= WHAT THIS TASK INVOLVES =
Should pictures appear among the records, leave them out, and copy exactly only the lines from the first through the one with "Total length is 50mm", inclusive.

[Extracted data entries]
§
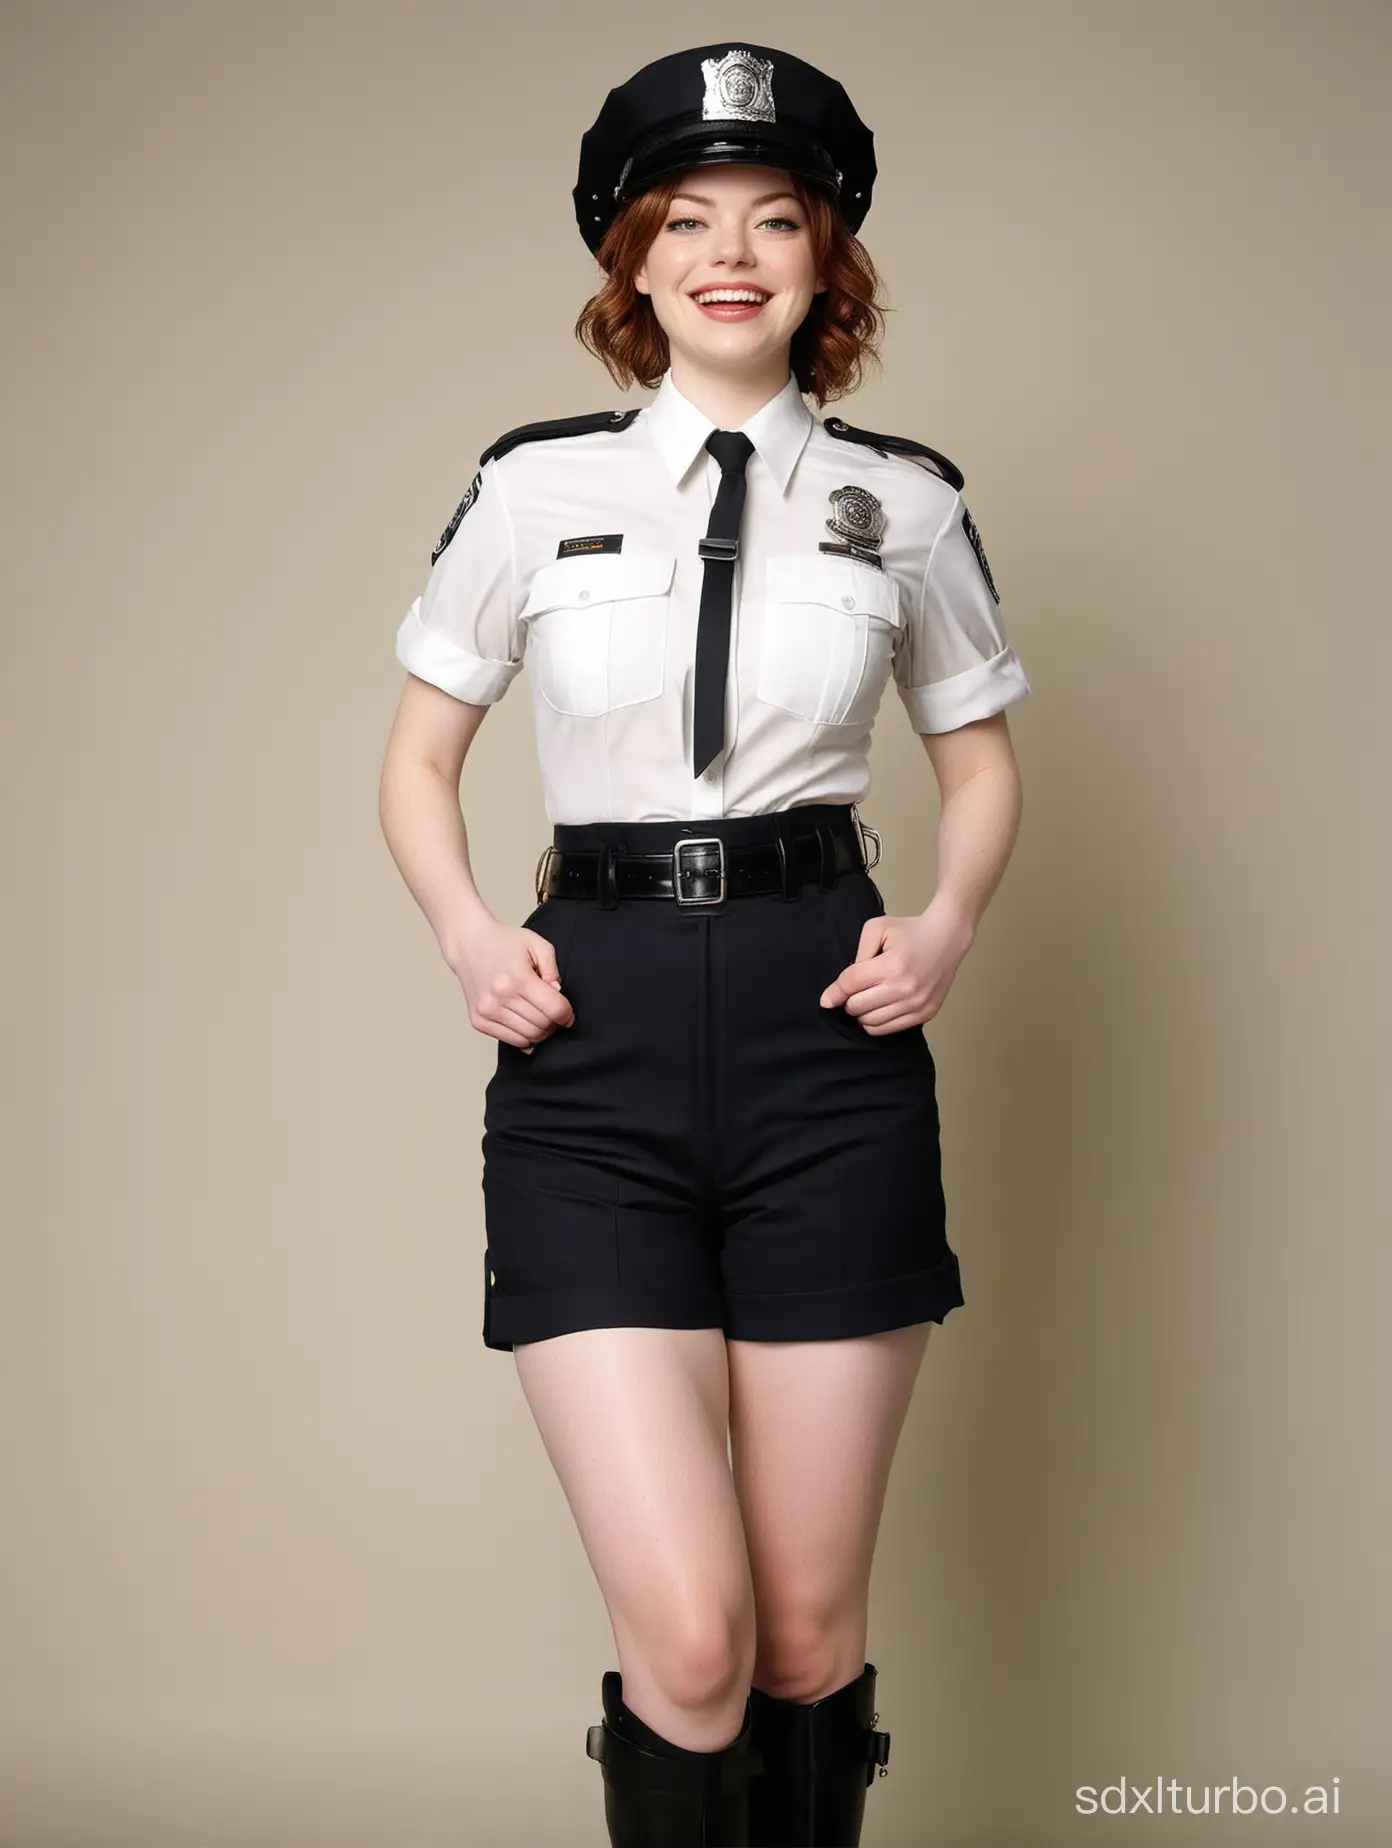 1 woman,like  Emma stone:0.2, huge breast，full body, sexy, laughing, police officer uniform,Photograph by Loretta Lux
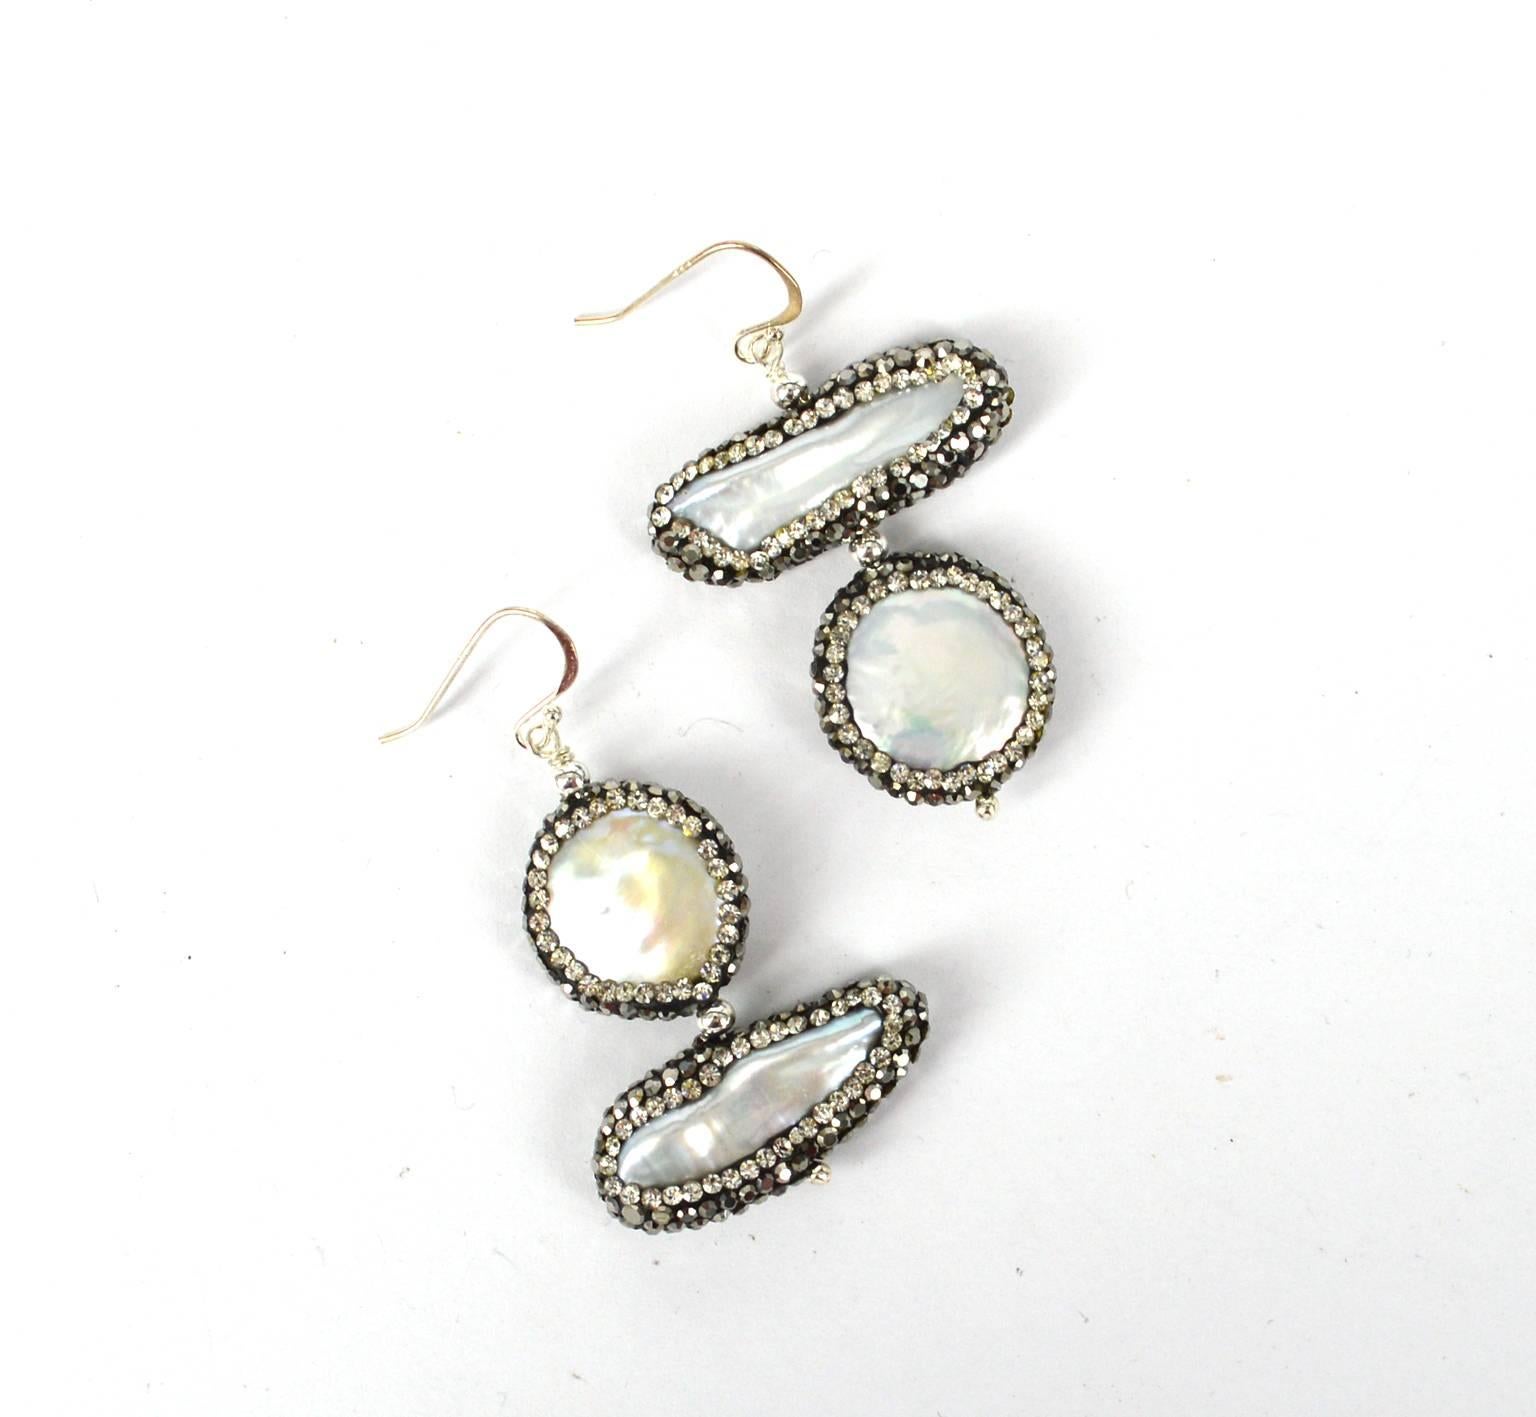 A unique design with a topsy turvy combination.
Freshwater Biwa and coin pearls encrusted with Cubic Zirconia.
Sterling silver beads and earwires.
Total length is 50mm

All pearls are natural and have natural inclusions.
§
= TASK RESULT =
 1 woman,like  Emma stone:0.2, huge breast，full body, sexy, laughing, police officer uniform,Photograph by Loretta Lux
 A unique design with a topsy turvy combination.
Freshwater Biwa and coin pearls encrusted with Cubic Zirconia.
Sterling silver beads and earwires.
Total length is 50mm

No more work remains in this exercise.